A General Approach to Adding Differential Privacy to Iterative Training Procedures
H. Brendan McMahan, Galen Andrew, Ulfar Erlingsson, Steve Chien, Ilya Mironov, Nicolas Papernot, Peter Kairouz
TL;DR
This work addresses the challenge of adding differential privacy to iterative training on privacy-sensitive data by introducing a modular framework that decouples training, privacy mechanism configuration, and accounting. It generalizes the Gaussian mechanism and the Moments Accountant to handle multiple heterogeneous vector groups with either separate or joint clipping, and introduces a privacy ledger to enable post hoc, robust DP accounting. Key contributions include two vector-group DP mechanisms (separate and joint clipping), a composition method transforming multiple groups into a single Gaussian sum query, hyperparameter and sampling-policy strategies, and an integration path via TensorFlow Privacy. The approach enables practical, flexible, and provable privacy guarantees for complex training procedures, including federated settings, by preserving modularity and allowing reprocessing as tighter DP bounds are discovered.
Abstract
In this work we address the practical challenges of training machine learning models on privacy-sensitive datasets by introducing a modular approach that minimizes changes to training algorithms, provides a variety of configuration strategies for the privacy mechanism, and then isolates and simplifies the critical logic that computes the final privacy guarantees.
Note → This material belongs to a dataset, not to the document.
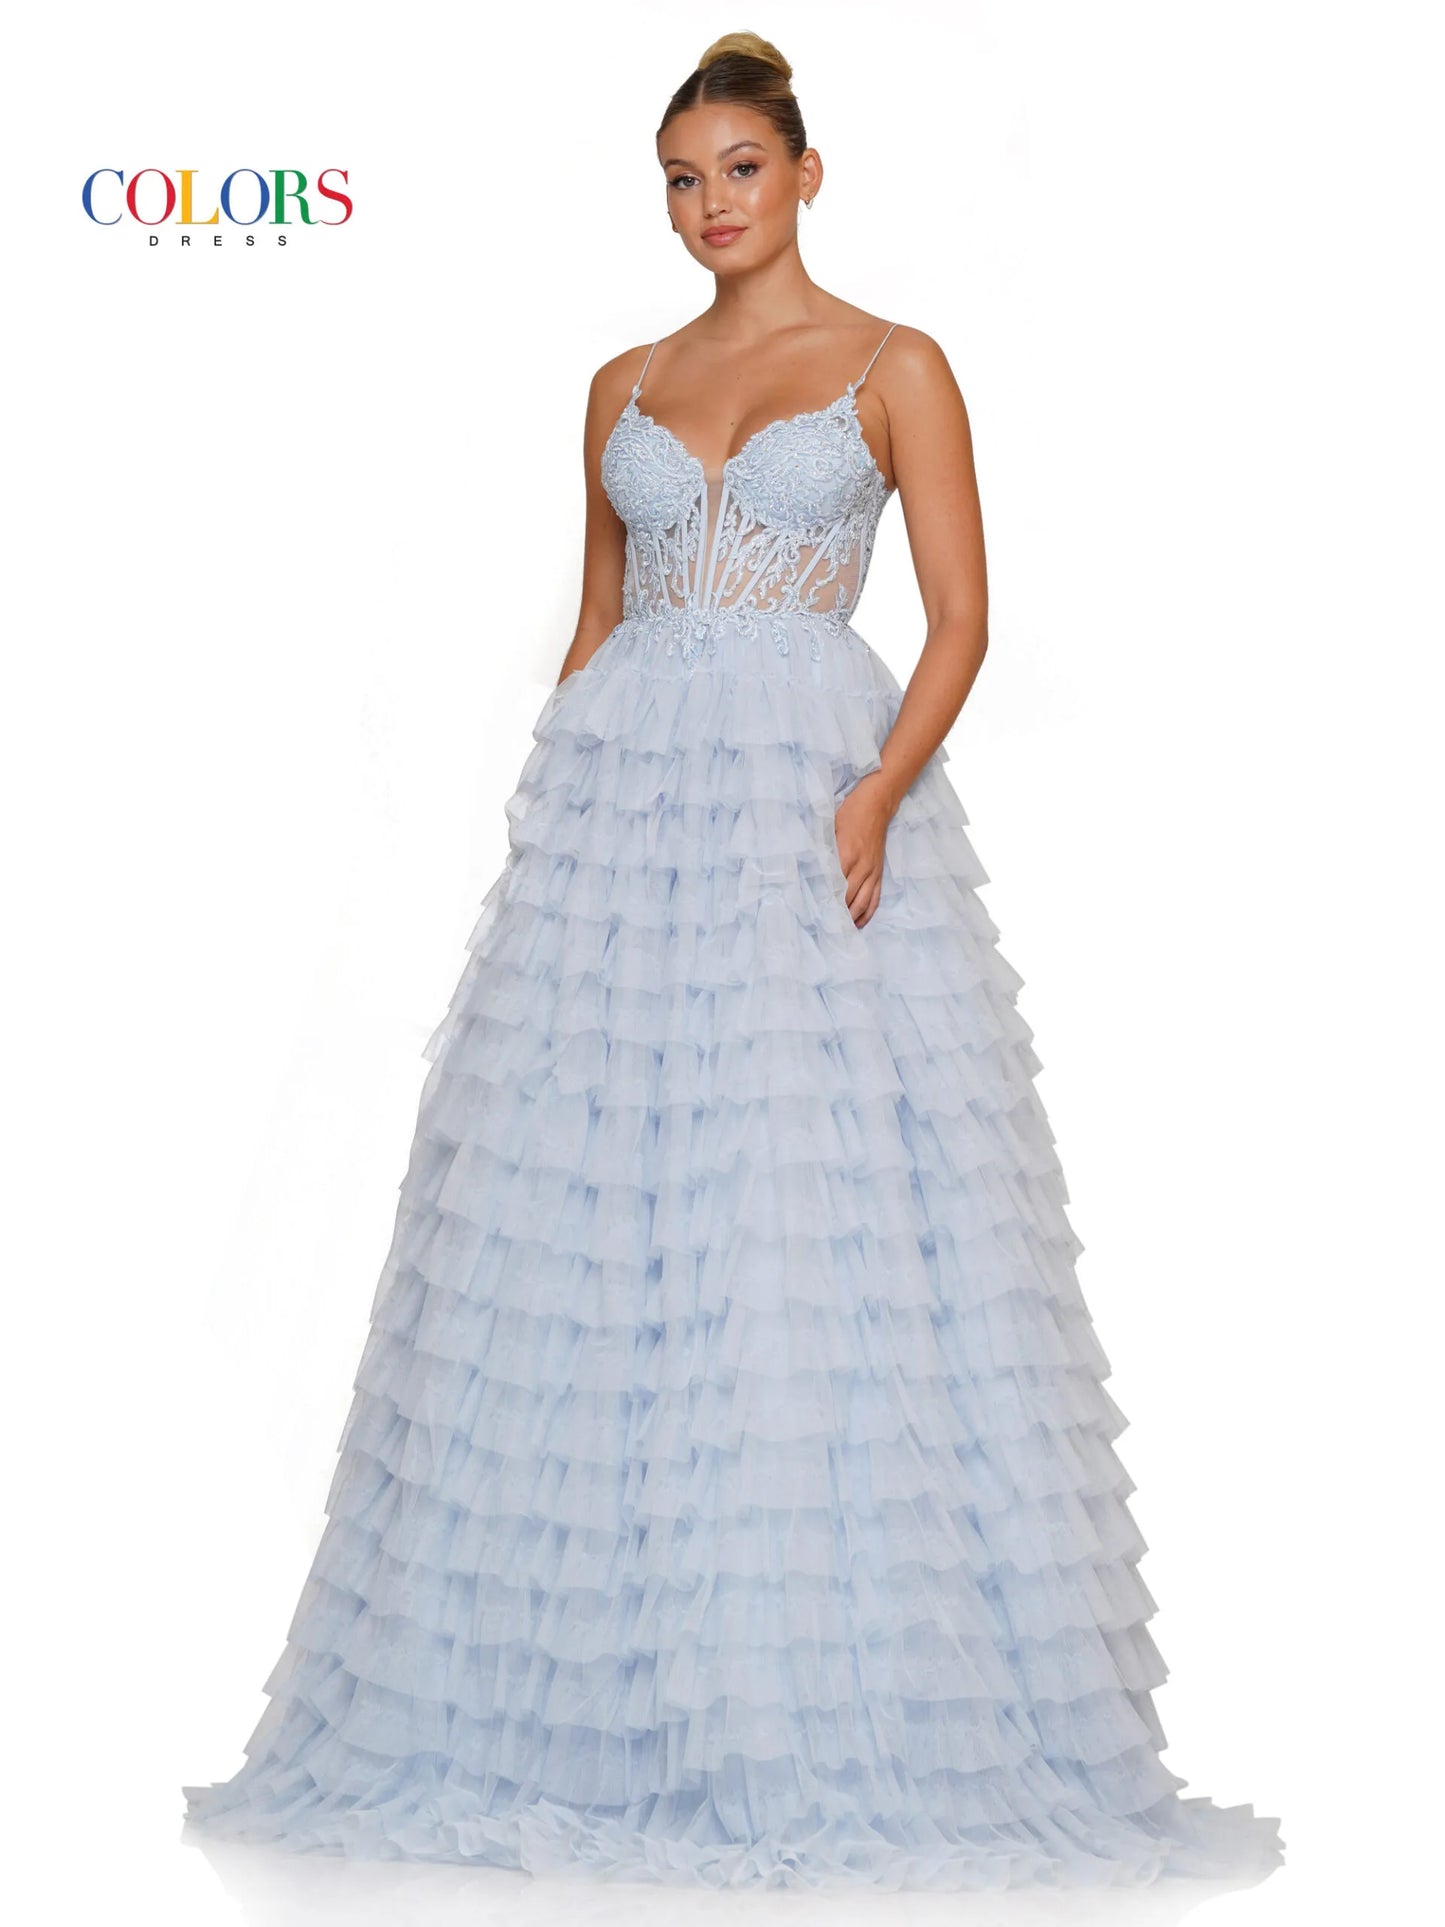 Colors Dress 3219 is a formal gown featuring a long sheer lace embellished v neck corset with ruffled layers and an elegant ball gown skirt. Embellished details add a luxurious touch to the design, making it perfect for proms and special occasions.  Sizes: 2-24  Colors: Black, Light Blue, Mint, Pink

A key challenge is that training algorithms often require estimating many different quantities (vectors) from the same set of examples --- for example, gradients of different layers in a deep learning architecture, as well as metrics and batch normalization parameters. Each of these may have different properties like dimensionality, magnitude, and tolerance to noise. By extending previous work on the Moments Accountant for the subsampled Gaussian mechanism, we can provide privacy for such heterogeneous sets of vectors, while also structuring the approach to minimize software engineering challenges.